Служебный роман - Эмиль Брагинский
Шрифт:
Интервал:
Закладка:
– Хватит трудиться. Покурим? Самохвалов снабжает меня роскошными сигаретами!
– Спасибо, я не курю! – отказался Анатолий Ефремович.
– А я иногда балуюсь. – Ольга Петровна взяла сигарету, Верочка тотчас поднесла ей спичку. Она не знала, как приступить к разговору.
– Знаете, Новосельцев, – ей легче было обращаться именно к нему, – нас, секретарш, начальство обычно не замечает. К нам настолько привыкают, что при нас они остаются сами собой.
– К чему эта исповедь? – недоброжелательно спросил Новосельцев.
Верочка сразу дала отпор:
– Вы не волнуйтесь, я не о Калугиной! Я о вашем институтском товарище.
Теперь насторожилась Ольга Петровна.
– Понимаете, Новосельцев, он какой-то неискренний, скользкий... – Верочка быстро взглянула на Ольгу Петровну. – Я бы полюбить такого не смогла... Ой, бежать пора, а то от старухи попадет!
И Верочка мгновенно исчезла.
– Зачем эта финтифлюшка сюда приходила? – пожала плечами Ольга Петровна.
...В своем кабинете Самохвалов продолжал нервно ходить взад и вперед.
– Я... вынужден, должен признать, Людмила Прокофьевна, что вы правы – вы! Наверное, я потерял над собой контроль. – Юрий Григорьевич смотрел ей в лицо. – Спасибо, что вы вовремя меня остановили!
– Я рада, что вы это восприняли именно так! – поверила ему Калугина.
– Разрешите? – Самохвалов забрал письма и положил в карман. – Я опять с ней побеседую, по-хорошему, по-доброму...
...В буфете Новосельцев стоял в очереди.
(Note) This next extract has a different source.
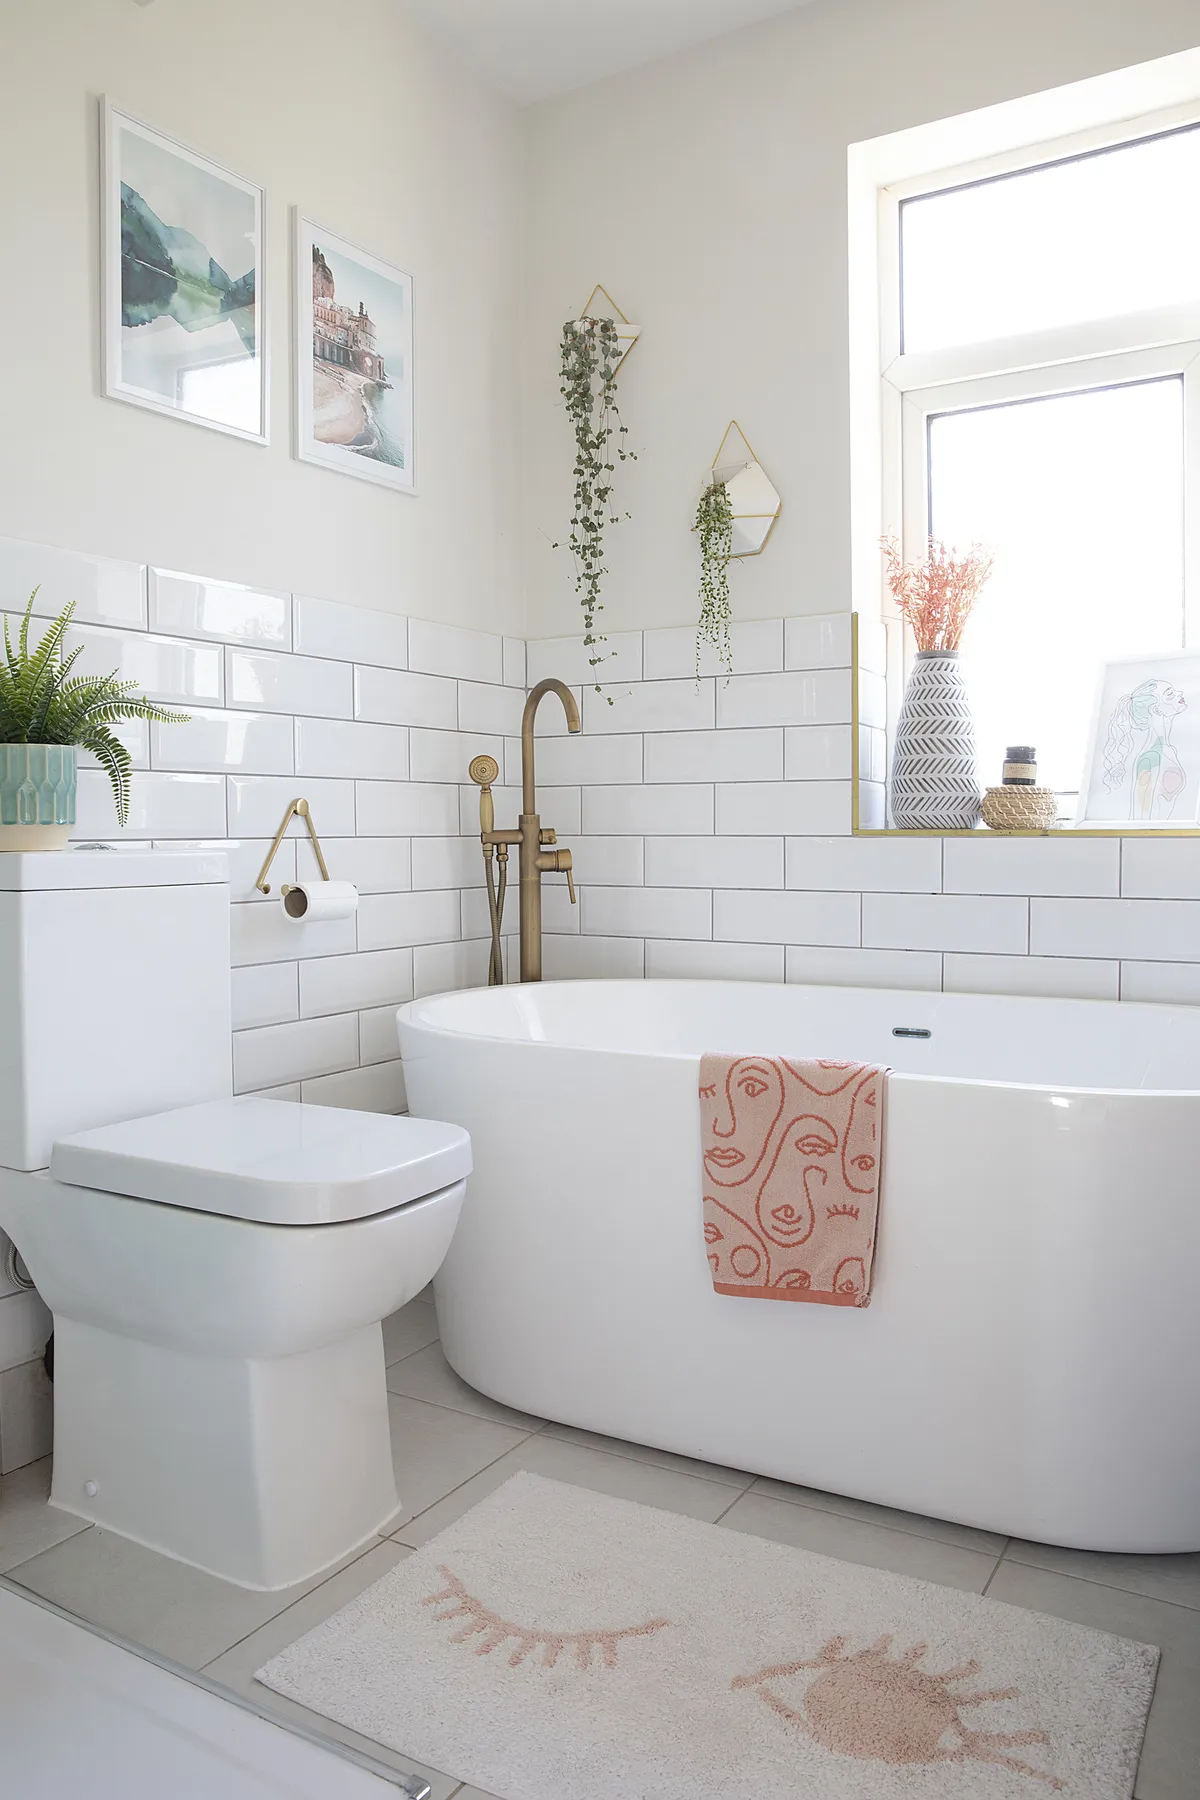 ‘A free-standing bath from Easy Bathrooms was the perfect solution to free up space without compromising on style and luxury,’ says Laura. ‘Even though it’s compact, it’s really deep and a great place for unwinding at the end of the day’
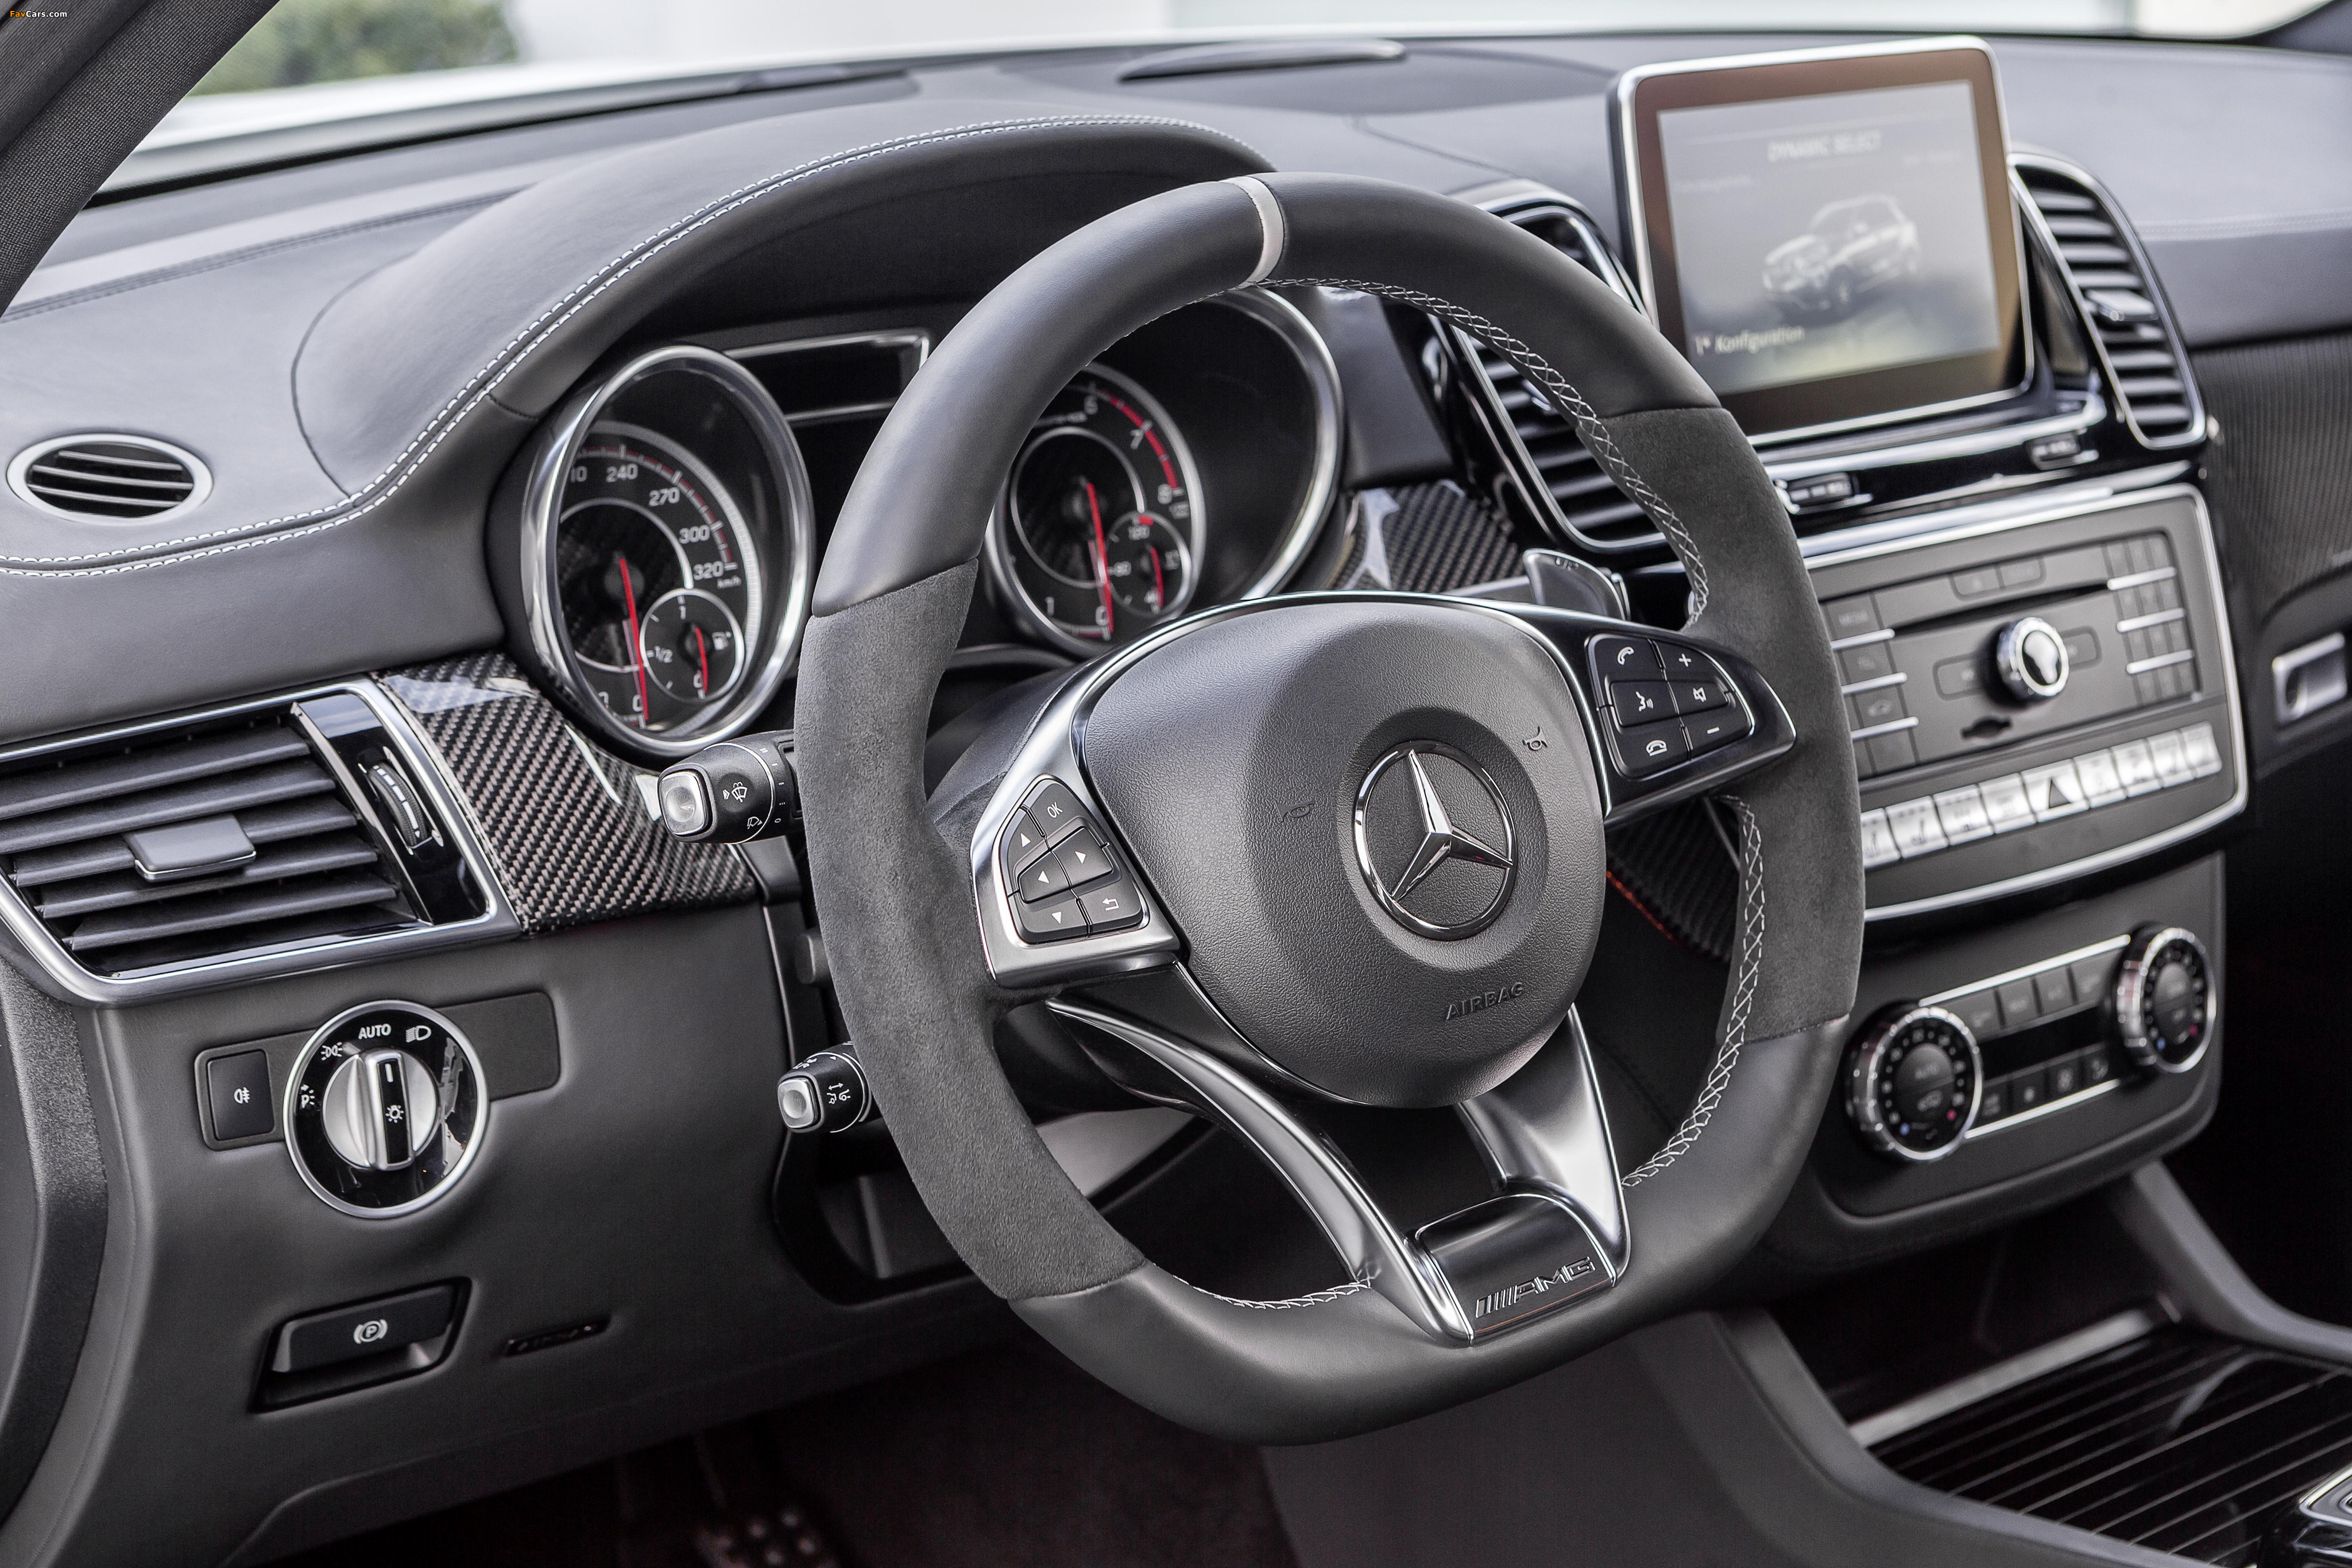 Mercedes-AMG GLE 63 S 4MATIC (W166) 2015 pictures (4096 x 2731)

Сразу же за ним заняла очередь Шура. Она поднесла свои губы к уху Новосельцева.
– Наша мымра сослала меня в бухгалтерию, – шепотом поделилась своей неприятностью Шура. – Но я там задыхаюсь от скуки. Я вырвалась вам сказать, Новосельцев, что вы друг Ольги Петровны и должны ее унять! Она губит и себя, и его!
– Ничего не понимаю! – оторопел Анатолий Ефремович.
– Как? – изумилась Шура. – До вас еще не дошло? Рыжова без памяти влюбилась в Самохвалова и терроризирует его пылкими письмами.
– Это вранье! – рассвирепел Новосельцев. – Я знаю Олю и ее мужа! Они прекрасная пара! Не распускайте сплетни!
– Юрий Григорьевич, – свысока ответила Шура, – сам отдал мне письма Рыжовой, чтобы мы разобрали их на месткоме! Я их читала!
– Идите-ка вы... – в бешенстве заорал Новосельцев, – ...в бухгалтерию!
Очередь, вся, как один человек, обернулась на крикуна. Шура в испуге отпрянула и исчезла. Новосельцев тоже покинул очередь.
В приемную вбежал взволнованный Анатолий Ефремович.
– Самохвалов у себя? – гневно выкрикнул он.
– У себя, – подтвердила Верочка, – но Людмила Прокофьевна просила никого не впускать!
В кабинете Самохвалов продолжал налаживать отношения.
– Знаете, Людмила Прокофьевна, о чем я сейчас жалею? – шутливо сказал он. – О том, что вы не мужчина!
– Это еще почему?
– Я бы тогда предложил: пошли, примем по сто граммов и забудем про это дело...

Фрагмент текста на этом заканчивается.